Run hard dear friend.  Run free.

Tuesday, June 30, 2015

Animal Rescue - Ukraine

One of the less thought of casualties in any conflict are animals.  They are sort of taken for granted I suppose - either left behind to fend for themselves.  Here's a sort of nice story about someone who actually is doing something to address an actual need:

http://uatoday.tv/society/ukrainian-volunteers-rescue-abandoned-animals-of-war-446901.html


Monday, June 29, 2015

My Head Hurts

There are mornings when I get, look at the goings on of the world, and then just sit there watching my coffee steam.  It makes my head hurt.

It used to be only once in a while,  It seems to be a lot more frequently now.  It used to be only in some places and locales.  Now it seems to be everywhere.

The difficulty with being a student of history, of course, is knowing what history holds and how it works.  It always surprises me - a little - that those who believe that success is repeatable if only we do what the successful did are those who seemingly forget that failure is always repeatable if we do what those that failed did.

You may wonder if I am talking to a particular issue.  You know, of course, one of my cardinal rules of the sites:  no politics, religious struggles of my own.  That said, there are simply so many issues on which we seem to be repeating the errors of the past that the only thing that will surprise me at this point is how long we are able to go on.

I will take an easy one, one that should create little ill will among my readers and involved the politics of precisely no-one present:  the fate of Greece.

In a nutshell, Greece has borrowed over time more than it can repay.  the solution ( I want to say it was 2014 but perhaps a bit earlier) was to change the government and go on an austerity plan while continuing to service the debt.  This has not worked effectively:  spending has not gone down where it needs to be.  Greece has now threatened several times that the debt be renegotiated or they will simply stop paying.  It looks like it may finally happen - as of yesterday, all Greek banks are on a one week holiday and citizens are restricted to withdrawing 60 Euros a day.

Think about it:  an unsustainable debt continuing to get worse and eats more and more of the general income.  If this were a household, we would cry out "Change your spending habit!".  If this is a country, we simply shrug our shoulders and say "Well, that is the way it is - besides, some day we will make it up".

What happens for Greece?  Nothing good - either they come back to repaying a debt they can never repay and do not improve the lives of their citizens or they repudiate the debt, re-establish the drachma, and become the economic and national equivalent of the kid who no one lends anything too anymore because they do not pay it back.  Real consequences that have been repeated time and time again historically.

Did I mention the US has$18 Trillion in known debt and up to$ 49 Trillion in unfunded liabilities?  Or our current estimated budget deficit, which has fallen for the last 6 years, is a mere $468 Billion?

And this is just one minor item, one among many.

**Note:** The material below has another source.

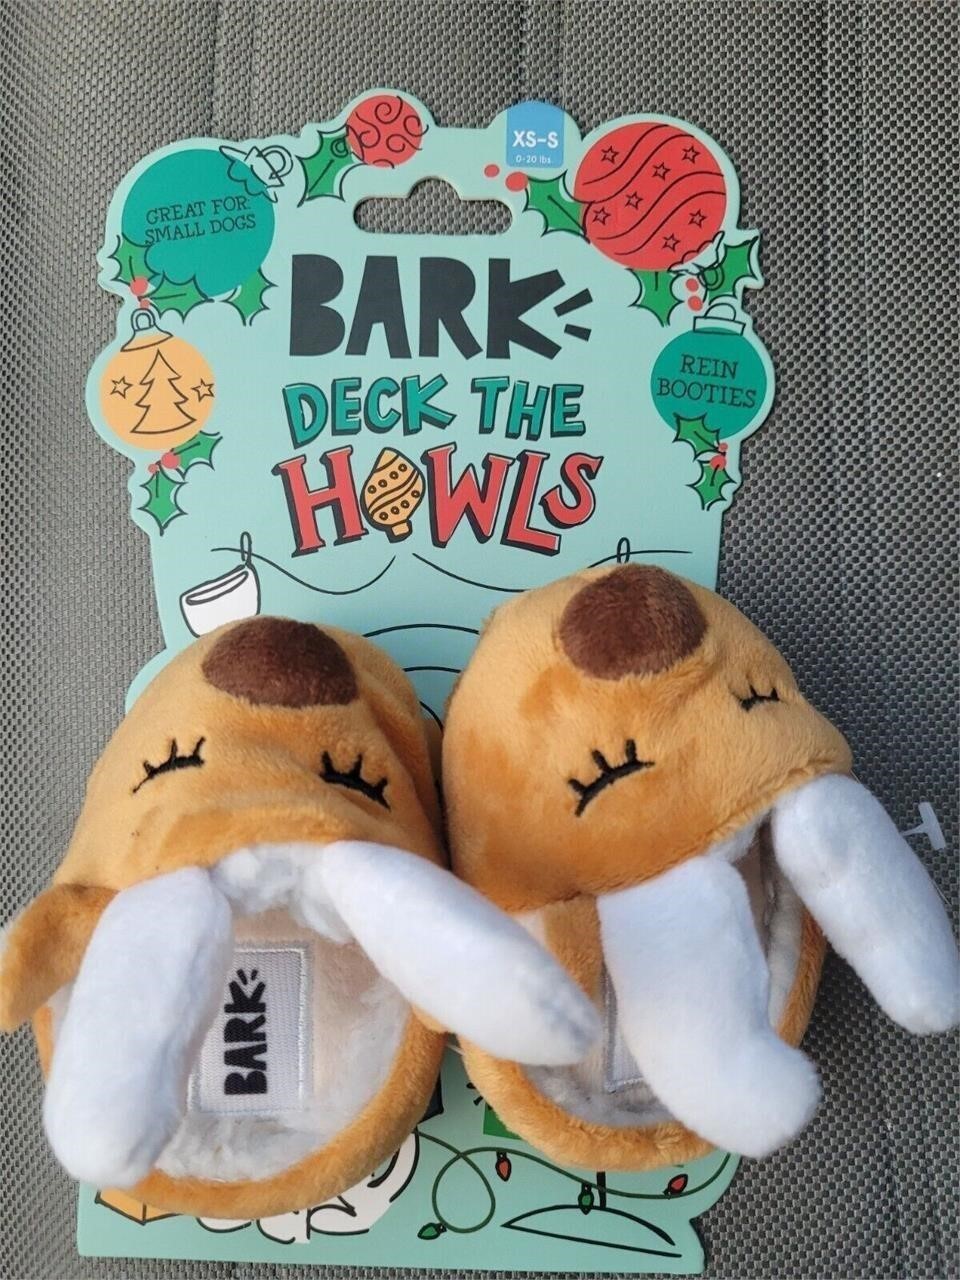 BARK Slippers Holiday Dog Toy - Rein Booties

We love the scientific method and the social method that tell us cause and effect works, and then fail to actually ever connect cause and effect.

The difference to me?  In all of the many issues this covers, not much.  My ability to impact any of this is minimal but its impact upon me may be large.  I suspect I am not the only one - throughout history, the ebb and flow of empires and nations and ideologies has swept along the inhabitants of the times willingly or unwillingly, dragging them either to the reefs of reality or pushing them past the reefs by the skin of their teeth.

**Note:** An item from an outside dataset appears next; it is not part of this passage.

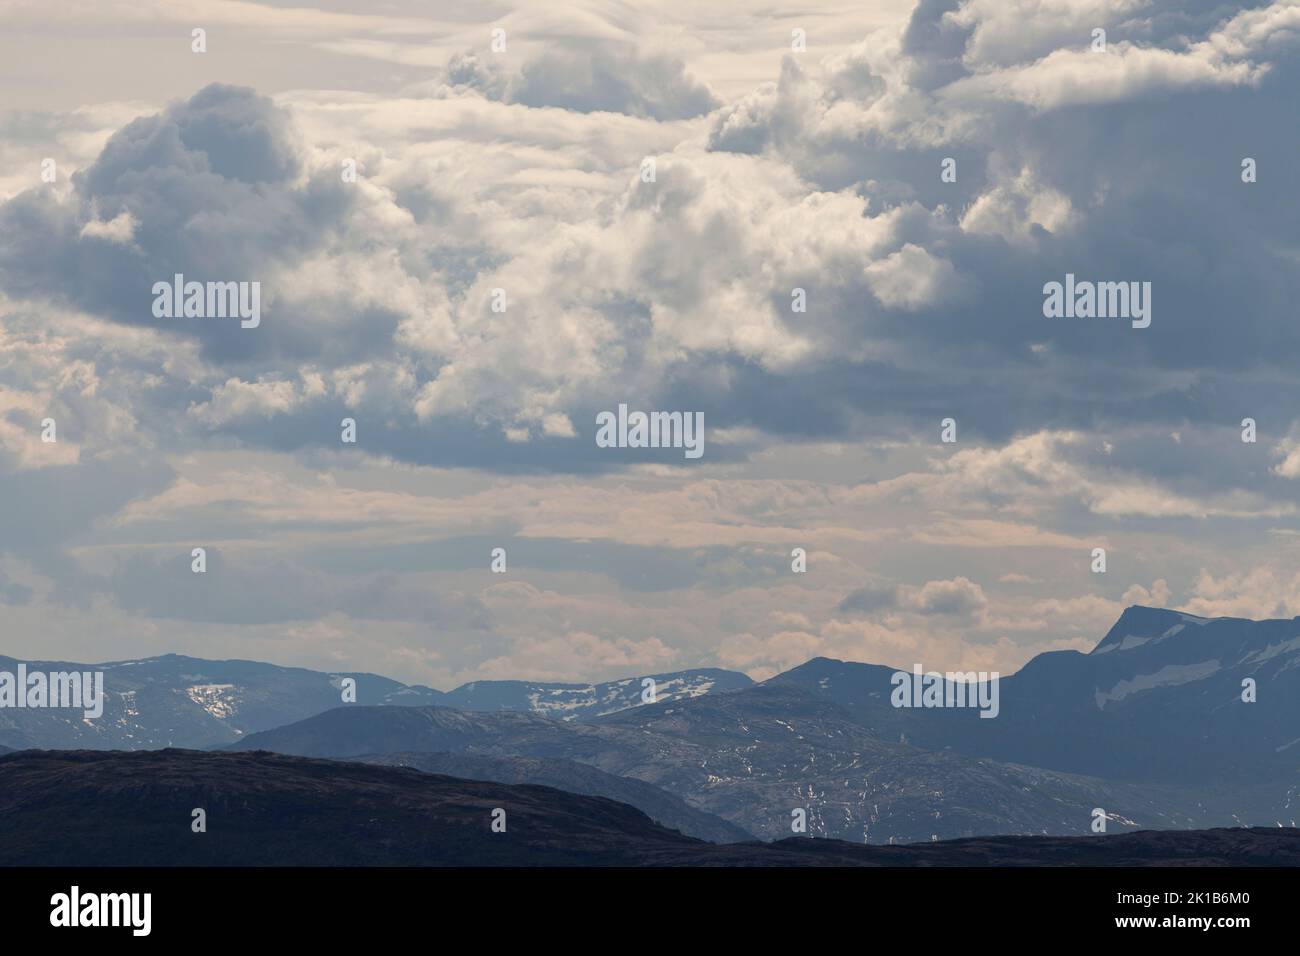 Nordic landscape, mountains and valleys with a cloudy sky above. Stock Photo

On days like today, my head hurts.  And there is nothing for it but to finish my coffee, go out, and do what little I can to prepare for the storm I know is coming.

Sunday, June 28, 2015

So How Does Your Garden Grow? - 28 June 2015 Edition

You may remember back in April that I cleared some additional gardening space:






What has happened in the intervening 2.5 months?

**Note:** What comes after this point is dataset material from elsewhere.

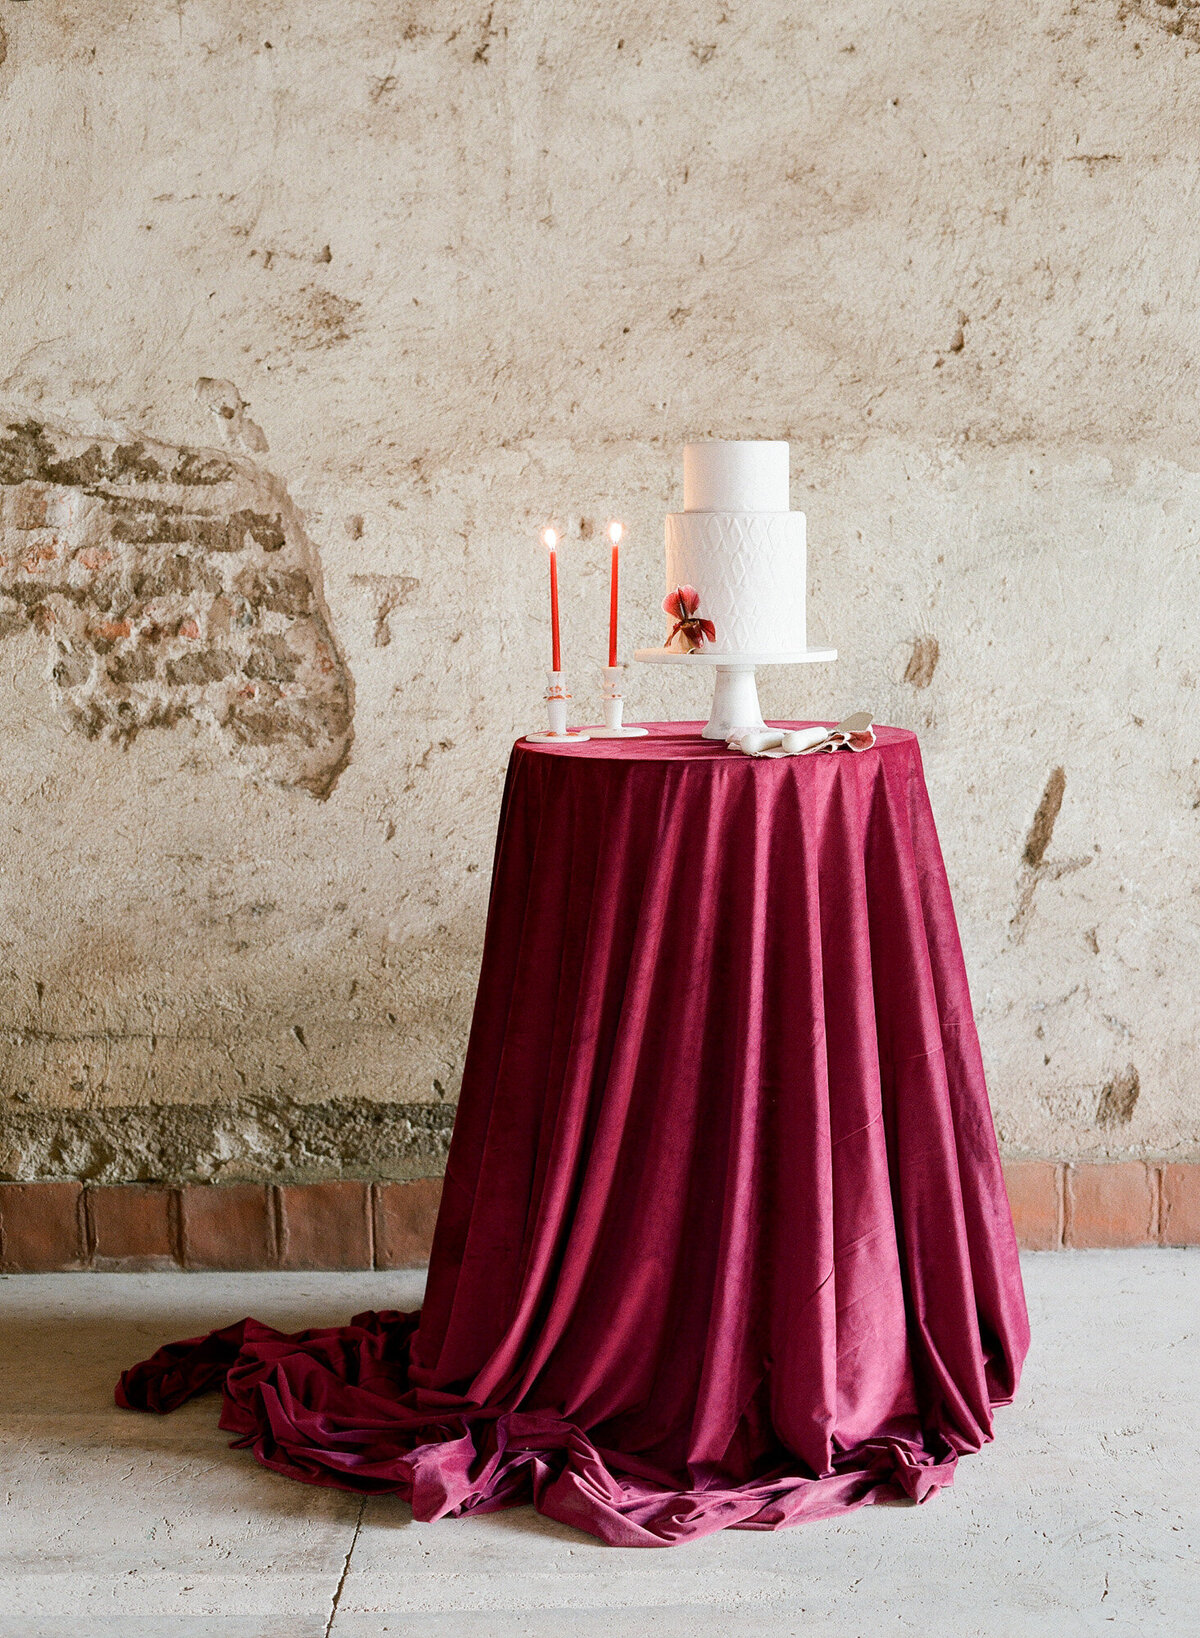 White cake and red candles placed on a tabletop with red velvet tablecloth.

Turns out that compost is loaded with all kinds of good things which are just waiting for the excuse to grow.

From my initial planting most of my actual things did not take:  alfalfa, rye, even wheat all turned out to be busts (I truly blame the fact that I did not plant until April).  What I got instead were two kinds of pumpkins, cantelopes, tomatos, and some corn.  The actual corn I planted got stunted but is finally coming up (it got overrun by a pumpkin plant).  The one true success at this point ssems to be the sweet sorghum, which is that large clump near the back.

You will notice a bare spot in the middle.  Yesterday I cleared out the remains of a dying pumpkin plant (pumpkins, in these parts, appear to be up and done by this time of the year - heat, I suppose) and planted three kinds of beans and a couple of okra plants to supplement the few I planted earlier that had been nibbled upon (but are now moving forward).  Also doing well but not pictured are two tomato plants and a Jalapeno plant.  My final finish in another area was all the Black-eyed peas I could plant.  I will try and plant some hot weather greens in a planter and that will be the garden until fall.

Having this new (and suprisingly productive) area is changing my perspective of how I want to garden moving forward.  All of a sudden, the back area against the fence - my original garden which is semi-shaded by a neighbor's oak - holds out the promise of becoming my part time grain growing area.  I love growing grains but they always bleed into the spring when I should be planting and then the garden bleeds over to the fall when I should be planting.  Quite possibly this problems will elminate itself (although I still need to work on what grains I can grow here).  This new area - no more than 3' x 23' or 69 sq feet (6.41 sq meters if the old hand calculations still work) - gets every hour that the sun is up in the sky with no concern of trees ever.  Square foot gardening indeed.  Mel Bartholomew would be proud.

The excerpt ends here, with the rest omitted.